Friday, 26 August 2016

About the Mini Adventure Project

(better late than never)

Mini Adventures for Mini Families.

There are so many inspirational adventurers out there. Their big climbs, long runs, crazy jumps and endless cycles are of epic proportions. I have dipped my toe in the immenseness of this world and have always wanted to do more. However, as it inevitably does for most of us, ‘life’ takes over and those dreams of adventure slowly get put on the back burner.

My ‘life’ now is a young family, a mortgage and an office job. For a long time, my husband and I have imagined the spectacular trips our family will take when our kids are old enough.
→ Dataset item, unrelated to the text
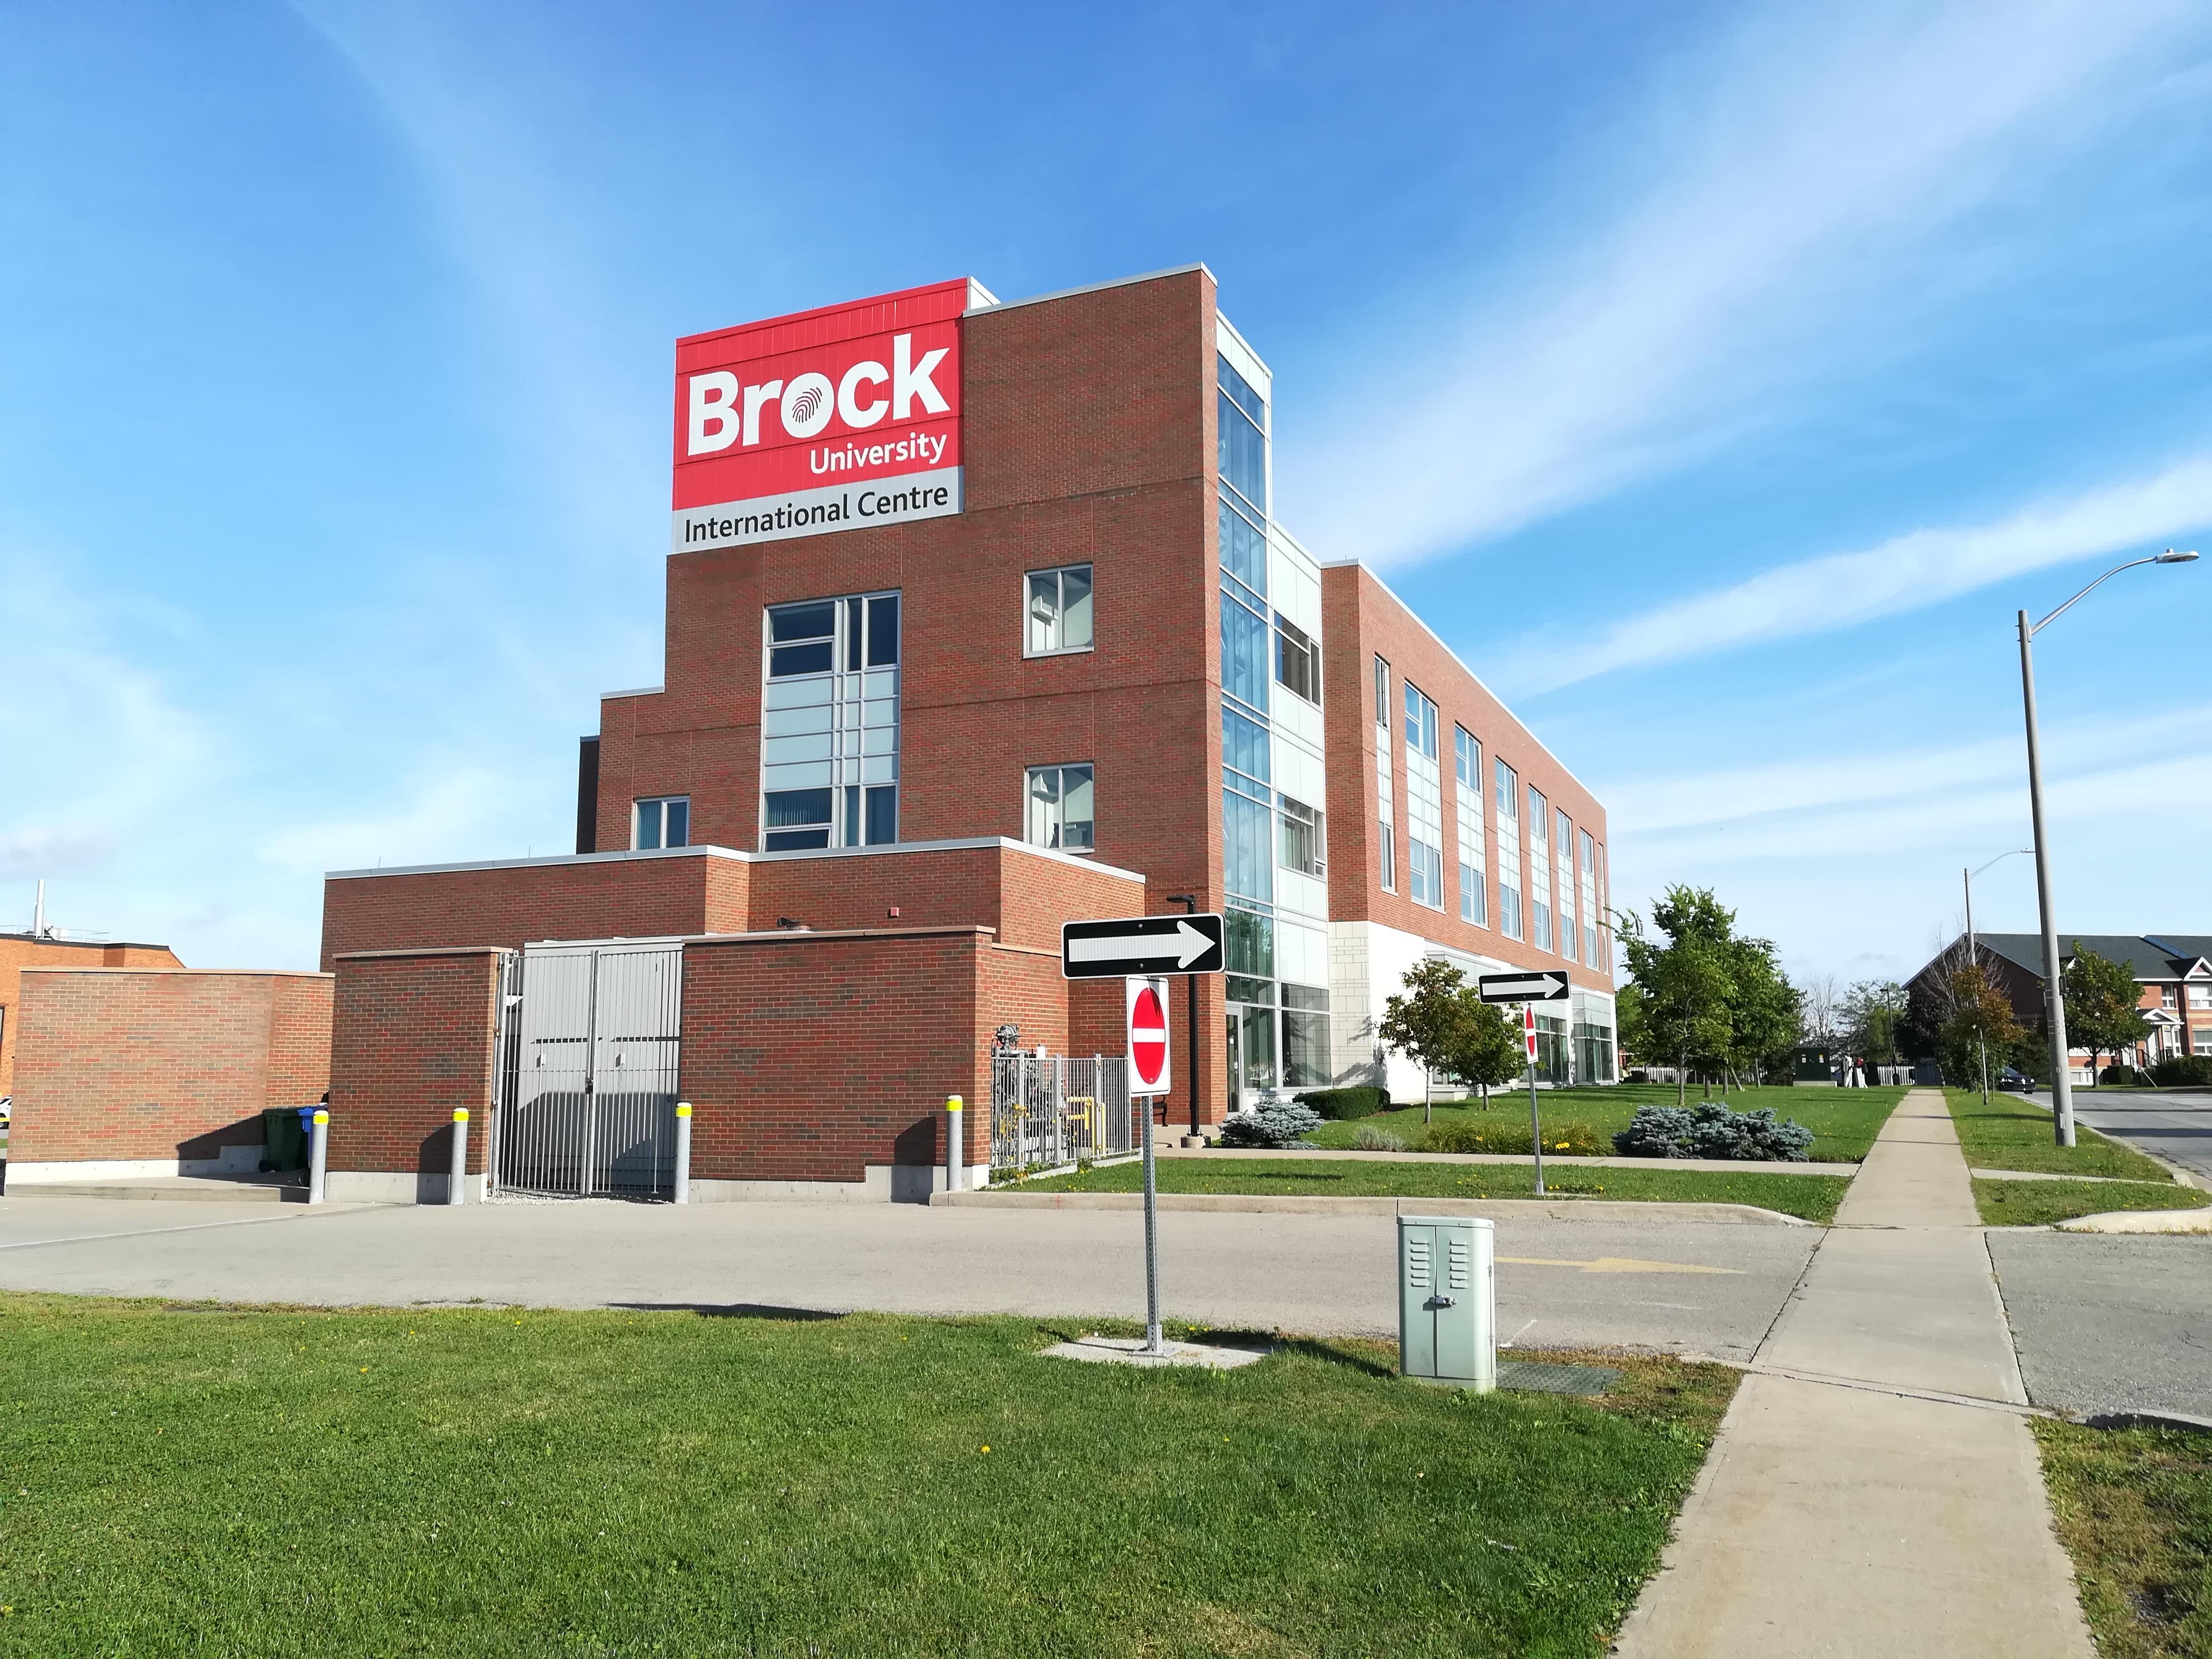 ブロック大学(カナダ)
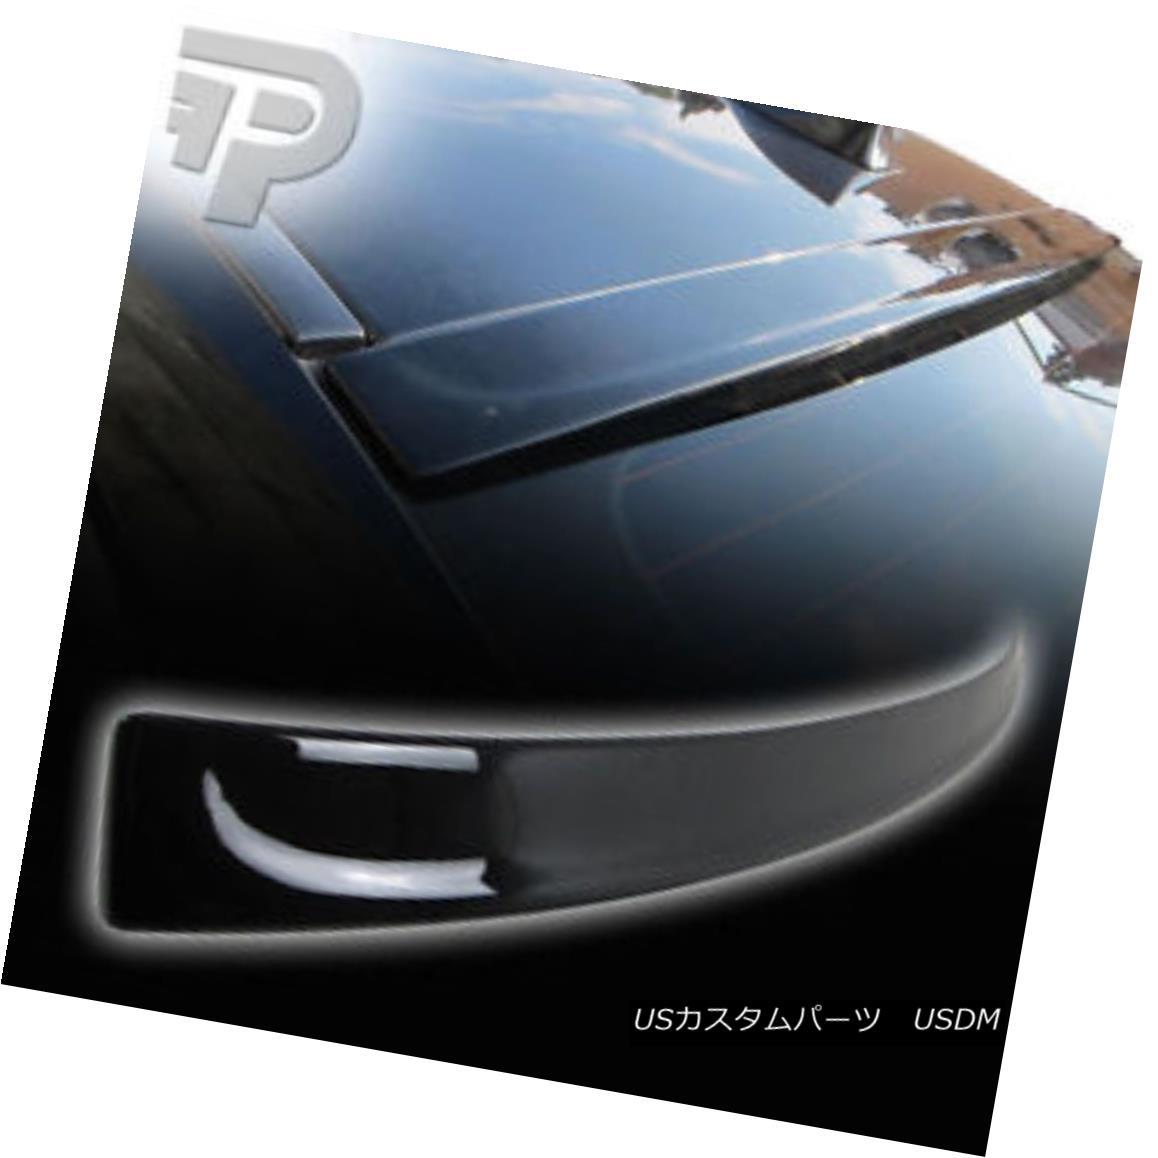 エアロパーツ PAINTED #354 Silver BMW 5-Series F10 3D TYPE WINDOW REAR ROOF SPOILER ペイント#354シルバーBMW 5シリーズF10 3Dタイプウインドウリアルーフスポイラー

But recently, that has seemed further off than ever.

Happily, inspiration from the likes of Alistair Humphrey’s Micro Adventures and the Exerk weekly adventures around London of Annie Ross set me on my way. My inner adventurer spent a while skipping along and singing ‘yippie!!’ at the thought of all these wonderful ideas until my inner realist gently reminded me that I had a family, mortgage and an office job. How would I fit all this lovely adventuring in along with all of those? I wanted my adventuring to enhance my life and not have to spend hours training for just a single event. Above all, I wanted my family to be involved. With these ideas, a plan started to form and The Mini Adventure Project (MAP) was born. I will be taking mini, mostly local adventures, every week. Some will be with my mini family, some will be sans kids with my husband and some (gasp) may even be solo.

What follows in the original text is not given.